The board may have up to eleven members and currently has three vacancies. Board members serve part time and do not have to be confirmed by the Senate.
It was not immediately clear which members would depart. Four of the current members, Steven Becker, Allen Croff, Tissa Illangasekare and Kenneth Peddicord, were appointed by President Barack Obama (D). Biden appointed the other four.
Biden also said Friday that he would replace the board’s current chair, Nathan Siu. Biden appointed Siu to the board in 2022.
The six new nominees are:
- Peter Swift, who would be the board’s new chair. He most recently worked at the Sandia National Laboratories in New Mexico and previously assisted with licensing both DOE’s Waste Isolation Pilot Plant near Carlsbad, N.M., and the since-defunded Yucca Mountain repository in Nye County, Nev.
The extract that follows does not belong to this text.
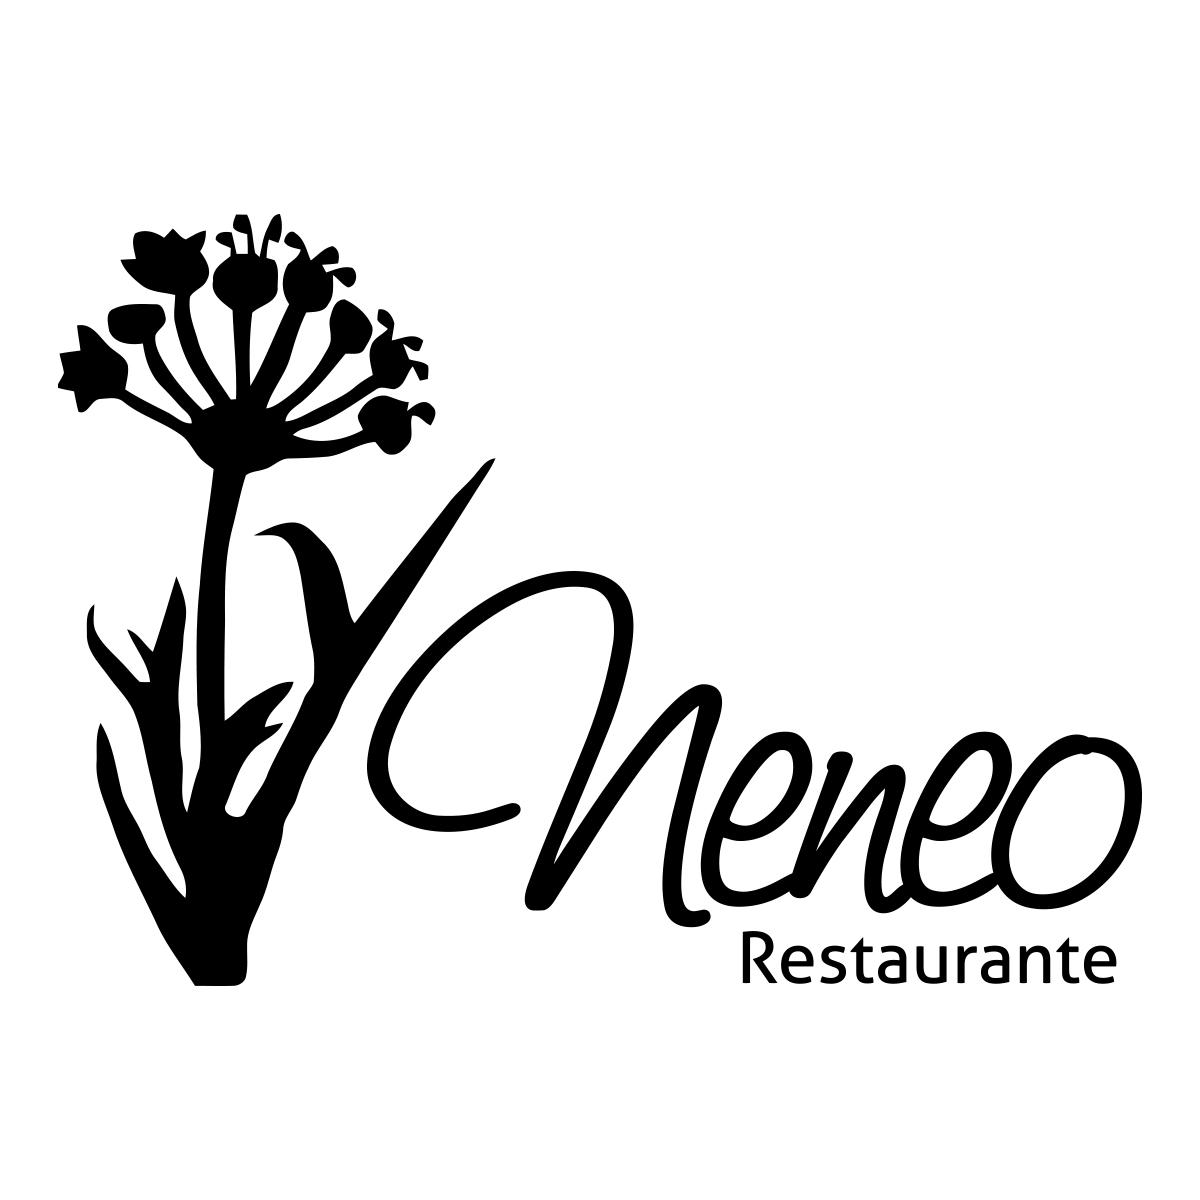 Restaurante Neneo

- Richelle Allen, a professor of Geological Sciences at the University at Buffalo, State University of New York.
- Lake Barrett, the former head of the Department of Energy’s now-shuttered Office of Civilian Nuclear Waste Management.
- Miles Greiner, a Foundation Professor of Mechanical Engineering at the University of Nevada, Reno.
- Silvia Jurisson, a former professor of chemistry and radiology at the University of Missouri.
- Seth Tuler, an associate professor in the Department of Integrative and Global Studies Division at Worcester Polytechnic Institute in Massachusetts and a senior research fellow at the Social and Environmental Research Institute
Congress created the Nuclear Waste Technical Review Board in the Nuclear Waste Policy Amendments Act of 1987.
The board was not supposed to exist forever.
In the law that created the body, Congress wrote that the “Board shall cease to exist not later than 1 year after the date on which the Secretary [of Energy] begins disposal of high-level radioactive waste or spent fuel in a repository.”
Meanwhile, Yucca Mountain is politically blockaded by Nevada politicians on both sides of the aisle and the U.S. Supreme Court, an independent branch of the federal government, is reviewing the legality of commercial interim storage of spent nuclear fuel after a lower court effectively banned the burgeoning practice in 2023.